Thalidomide victims began mounting a campaign for compensation from Ottawa in earnest early last year, but they were ignored until an article in The Globe and Mail exposed their suffering.

Ms. Ambrose recognized the victims' plight on Friday. "Survivors and their loved ones have exhibited great courage in overcoming unique, daily challenges they face through no fault of their own," she said.

She promised a program that would not subject the victims to bureaucratic demands and paperwork. "I want to reassure survivors that this new program has been designed so that yearly, tax-free payments will continue for their lifetime without the need to reapply or submit receipts," she said.

Her department's package largely corresponds to the Thalidomide Victims Association of Canada's demands. Victims will be assessed strictly on their degree of disability, and not other factors. According to the government's count, there are 92 Canadians who will benefit from the pensions.

Ottawa announced a $180-million compensation package for thalidomide survivors on March 6 and issued $125,000 lump-sum cheques for urgent needs. But its refusal to share details of the crucial lifetime support caused growing anxiety among survivors.

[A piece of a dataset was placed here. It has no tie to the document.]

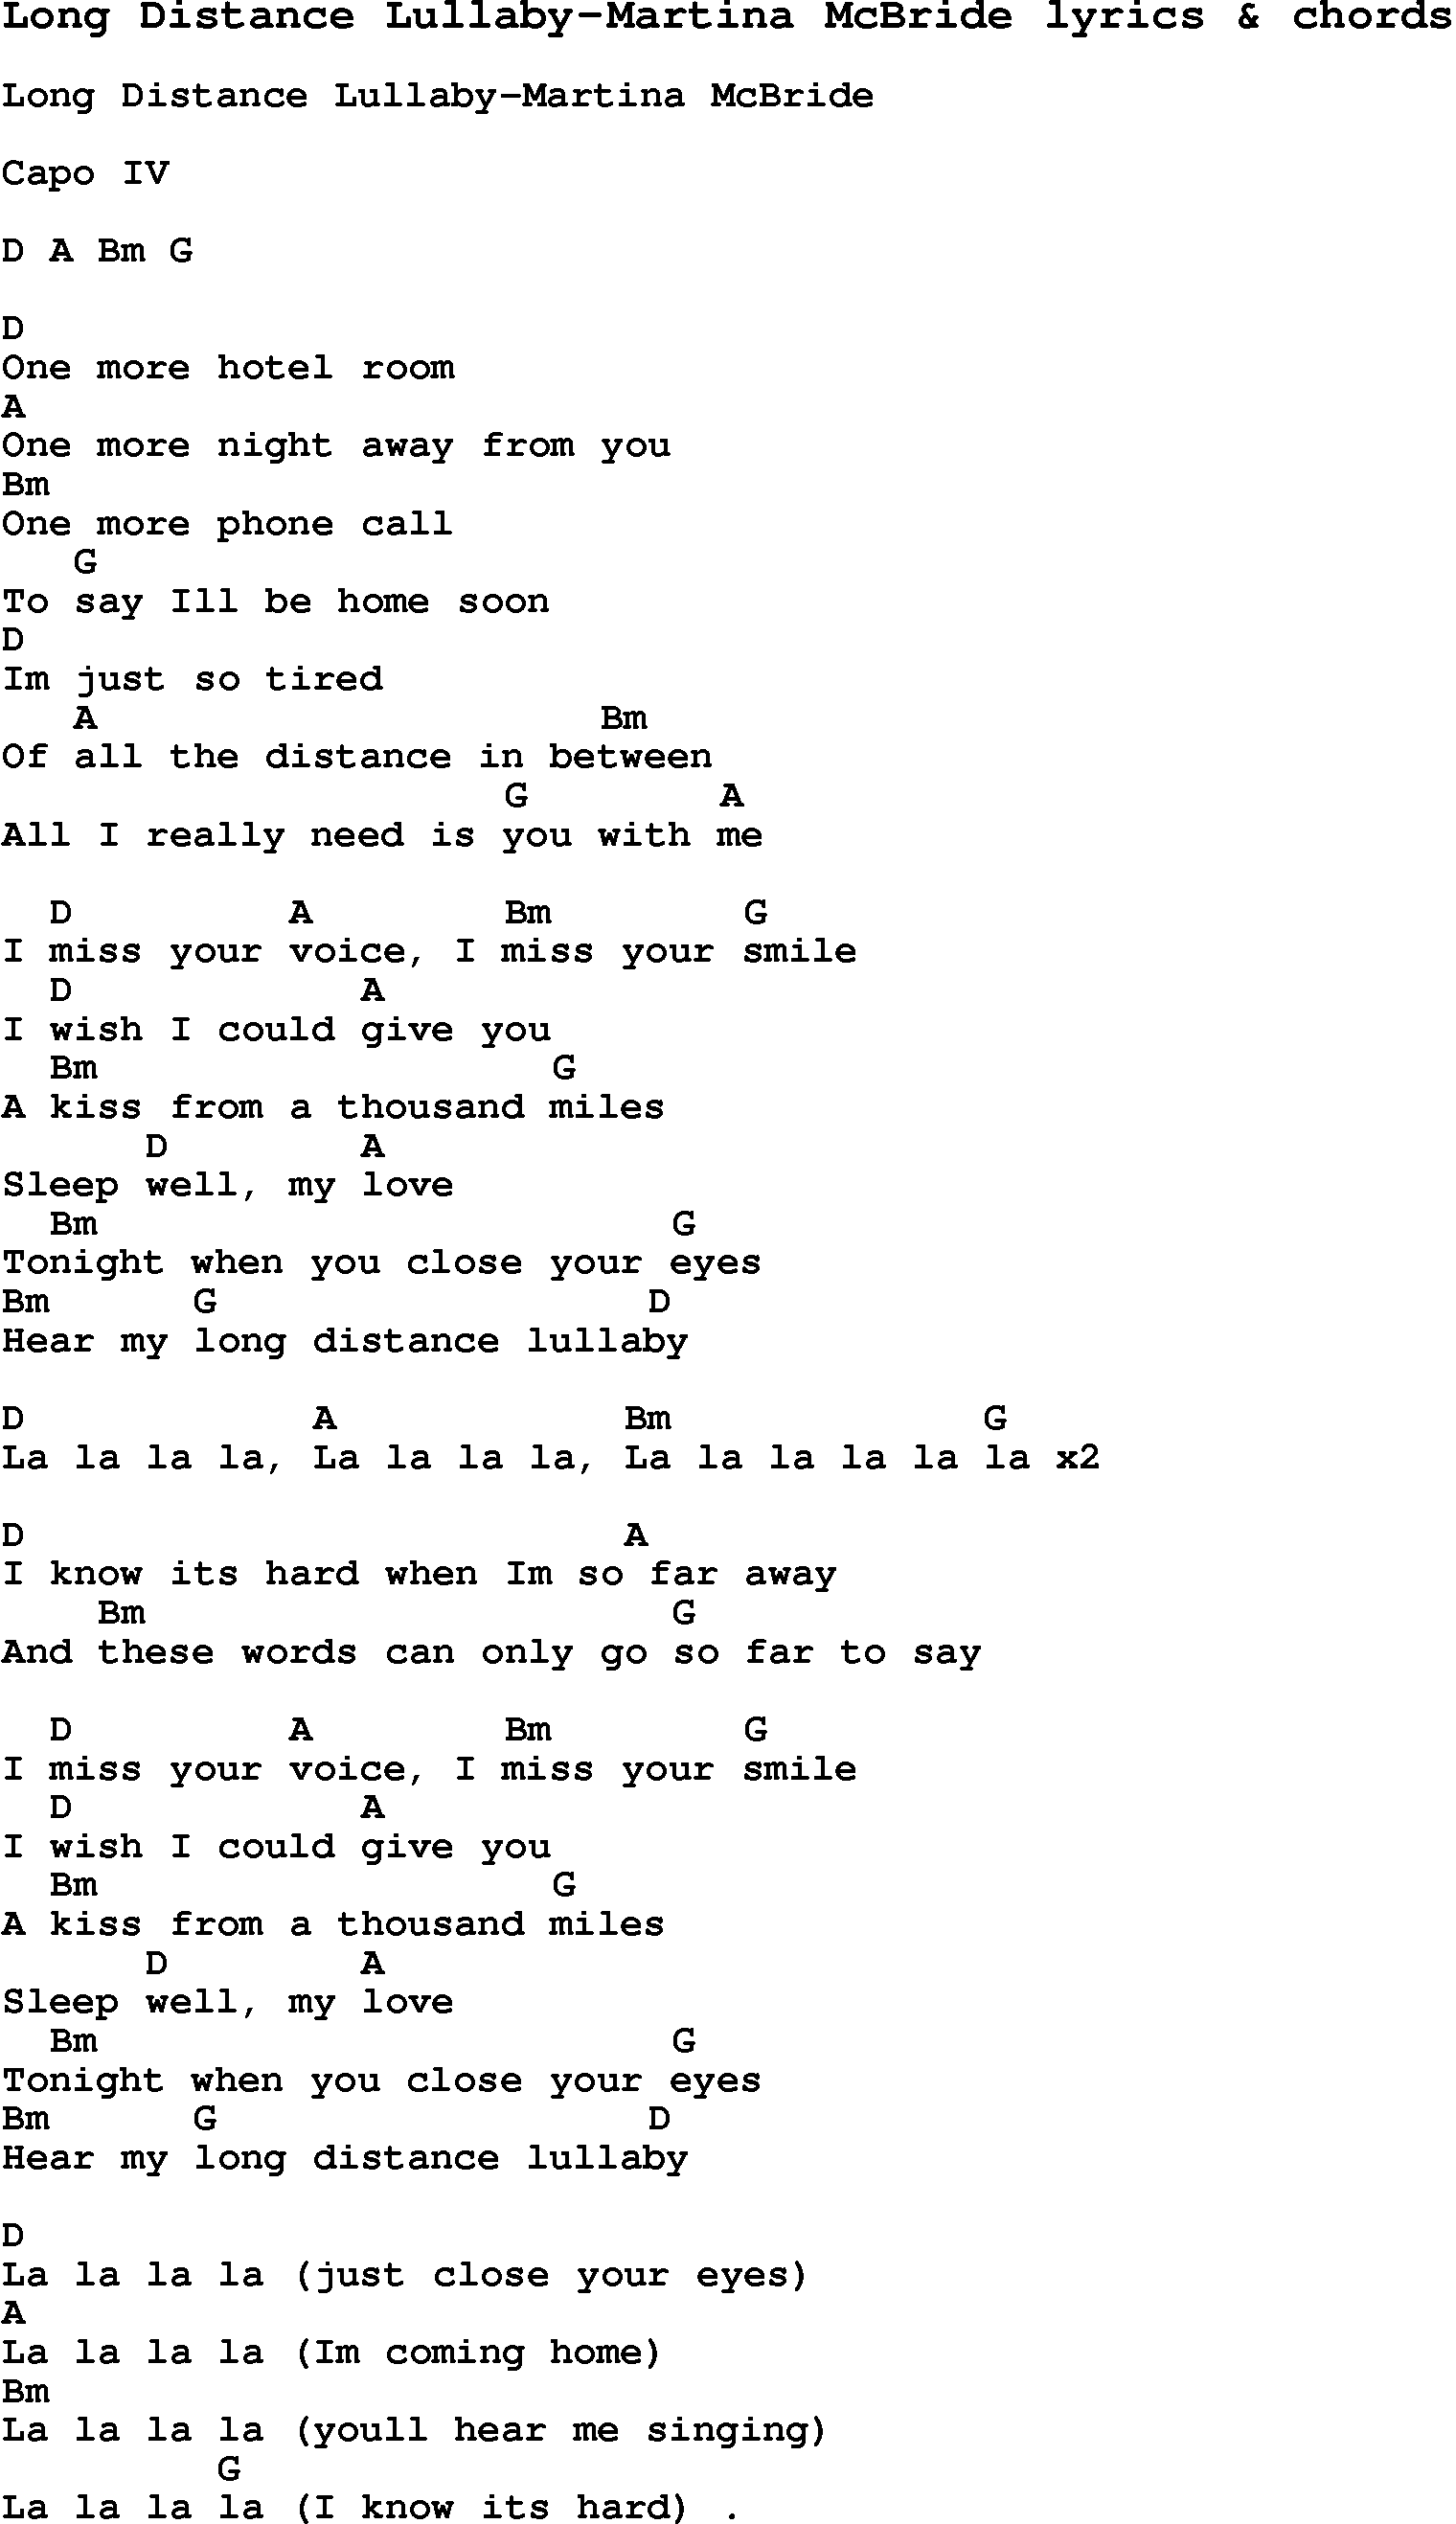 Love Song Lyrics for: Long Distance Lullaby-Martina McBride with chords for Ukulele, Guitar Banjo etc.

They had planned to gather for a rally on Parliament Hill on Monday in protest; 25 victims, from as far away as Alberta and New Brunswick, had already made travel plans to be in Ottawa despite their considerable disabilities and chronic pain.

The government's plan also includes an annual $500,000 medical assistance fund for needs such as specialized surgery and home or vehicle adaptations.

Funding levels would be reviewed every five years to "ensure that survivors' needs continue to be met."

Ms. Ambrose said Ottawa is working to find a third-party administrator for the program and payments would begin early next year. She thanked Ms. Benegbi for her "tireless efforts on behalf of TVAC members."

Ms. Benegbi has also been supported by a task force of advisers who have worked pro bono.